Herr Gerold war verzweifelt. Sein Terriermix Max, ein knappes Jahr alt, hatte sich als Zerstörer entpuppt. Er biss nicht nur Hausschuhe und Teppiche an, wie es manche seiner Artgenossen tun, nein, Max widmete sich auch Elektrokabeln, Türrahmen und Möbeln, was für Herrn Gerold ein großes Problem darstellte, da er Antiquitäten sammelte. Kaum verließ Herr Gerold die Wohnung oder das Zimmer, knabberte Max. Als er sich in Bibermanier das Tischbein eines dreihundert Jahre alten Sekretärs vorgenommen hatte, war Herr Gerold kurz davor, den Hund ins Tierheim zurückzubringen, wo er ihn vor einem halben Jahr abgeholt hatte. Der Anfang war so vielversprechend gewesen. Herr Gerold war sechzig Jahre alt und seit zwei Jahren Witwer. Das war nicht leicht für ihn, aber allmählich kam er ganz gut zurecht.

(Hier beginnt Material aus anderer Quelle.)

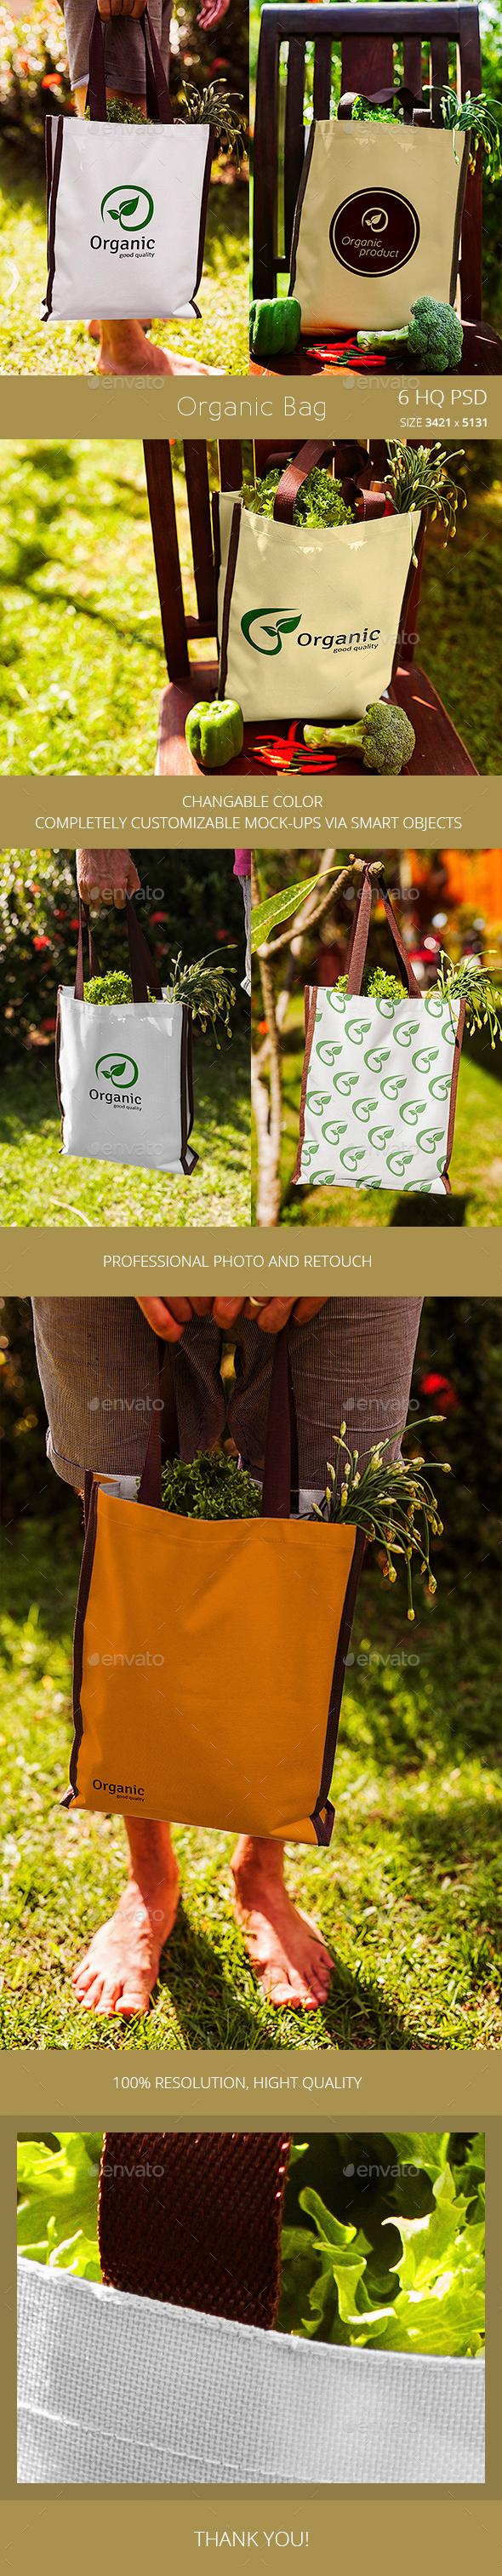 Organic Shopping Bag - Product Mock-Ups Graphics
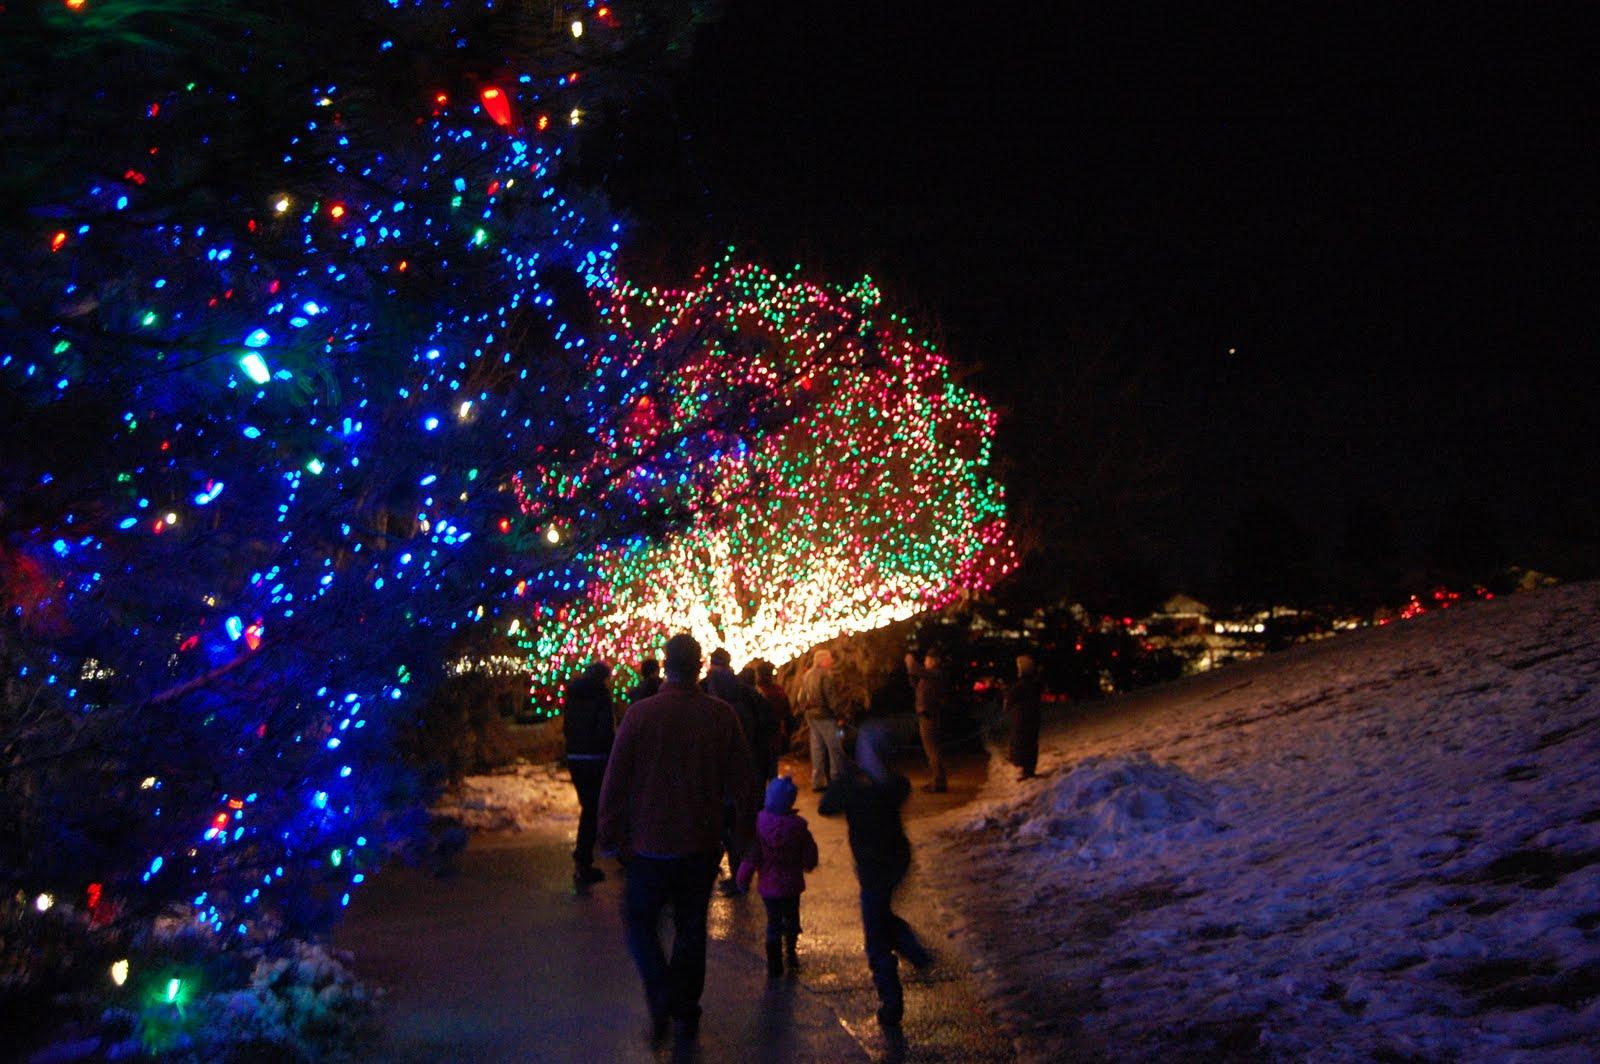 The Bischoffs Denver Botanic Gardens Blossoms Of Light

Einen Hund hatte er als Junge gehabt, den Maxi, und daran wollte er anknüpfen. Er hatte sehr schöne Erinnerungen an die Spaziergänge mit Maxi. Max sah ihm sogar ähnlich. Herr Gerold konnte den Blick kaum von ihm abwenden. Er war völlig vernarrt in den Hund – so wie Max in die Antiquitäten.

Herr Gerold hatte schon alles versucht. Max angeleint, ihn mit Wasser bespritzt, ihn beschworen, beschimpft, angebrüllt. Schließlich hatte er seine kostbaren Möbel mit einer übelriechenden Paste beschmiert, die Max unverdrossen abschleckte, ehe er zubiss – Herr Gerold bekam Reizhusten von dem Gestank. Mittlerweile hatte er die Antiquitäten in ein Zimmer seiner Wohnung geräumt, wo sie vor Max sicher waren. Leider auch vor Herrn Gerold.

„Das ist doch kein Zustand“, seufzte er. „Ich hocke in der Küche auf einem Plastikstuhl vor einem Resopaltisch, das ist eine Zumutung für mich. Es ist so hässlich bei mir, ich fühle mich überhaupt nicht mehr wohl. Aber im Wohnzimmer, wo die Antiquitäten stehen, ist kein Platz zum Essen, sie lagern ja zum Teil aufeinander.“

Es erstaunt mich immer wieder, was Menschen auf sich nehmen, um mit ihren Hunden zusammenzubleiben. Wobei die Uhr für Max nun schon recht laut tickte.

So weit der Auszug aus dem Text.